If you feel I left out points then please leave a comment or two. I will update my post.
Whatever be your reason once you decide to separate user data data you have to think about the ways by which you can achieve this. Once again I will lay down the approaches (Ok. I have again stolen the points from google, big deal.)
- Separate database instance – Each tenant has his own database instance.
- Separate schema but same database instance – Each tenant has his own schema or sets of table in a single database instance.
- Separate Rows – The database instance is same same however rows of tenant data is partitioned using some kind of discriminator (tenant_id for example).
Each approach has their own pros and cons. Kindly check the table compiled in postSaaS – Multi-Tenant Database Design Options. It compares the various approaches under different user requirements.
If you had to make your decision then you could easily choose The separate database instances for each tenant approach, but you know that it could prove costly in long run and also add to maintenance and administrative headache. So what to do now? Don’t worry there is a middle path which will help you counter all these. Can you tell me? No? Not to worry I am here for the rescue. Here is my fourth Multitenant database approach.
Sharding – http://en.wikipedia.org/wiki/Sharding
Sharding is a mechanism by which data of a table is horizontally partitioned across multiple database instances. Each of the independent database partition is called a Shard. Concept of Sharding is different than the Horizontal Partitioning. In horizontal partitioning the data in a single table in a single database instance is partitioned across rows. Meanwhile in sharding the horizontal partitioning is achieved across multiple database servers. The shards are not aware of each other and work independently with each other. They can be present in any database server in any data-center anywhere in the world. So now look at advantages of using this approach.
- The total number of rows in each table are lesser now. Hence the size of index hence the performance of queries improve.
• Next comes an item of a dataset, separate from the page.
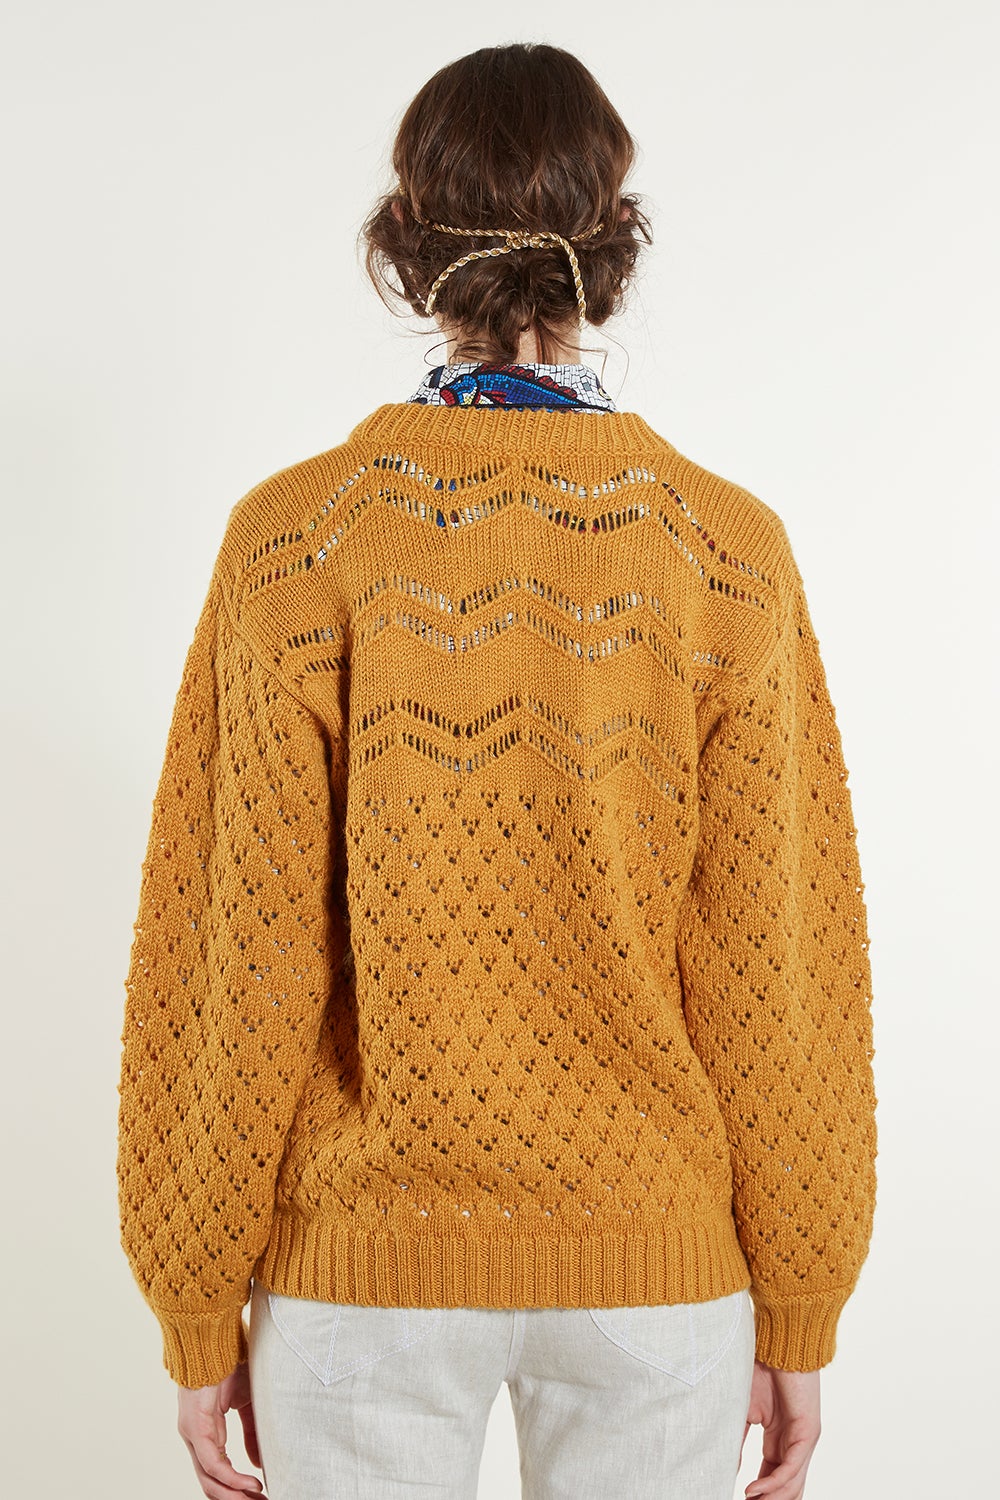 Artemis Sweater

- Due to sharding not only the problematic table is spread across multiple database other table are also replicated across multiple database instances hence overall load on a database is reduced hence improving performance. In other words we have a database cluster each serving its own bunch of clients and each of which can be scaled in it own way.
- We can also get one shard for each tenant using this approach.
Ok, since we have the best approach (I know nosql cassandra etc lovers will be gunning for my head, but let me warn you I am very strong, I got super powers) now let us put our heads down and try to figure out how to implement sharding in your own cool application. But first let me pen down the approach once more
Multitenant database approach by horizontally partitioning data across multiple database instance each having identical schema.
I had some portion my webtop already written and I had used Hibernate as my ORM tool. It took a long time to get my database layer designed in a way I liked so I decided to keep it. Hence I decided to give a try to hibernate shards. Hibernate shards is not in active development however it is still a very robust piece of code. I thought it was better to use it rather than writing a utility right from scratch. I did a proof of concept by splitting data across three shards. Each installed in three separate database servers in my office, I really loved what I saw so I will share it with my fans ;).
Just FYI – Hibernate 4 will be released in next few months with full Multitenant support embedded with its core API. https://hibernate.onjira.com/browse/HHH-5697 . I am happy as I am sure that I can easily re-factor my shards code using latest API.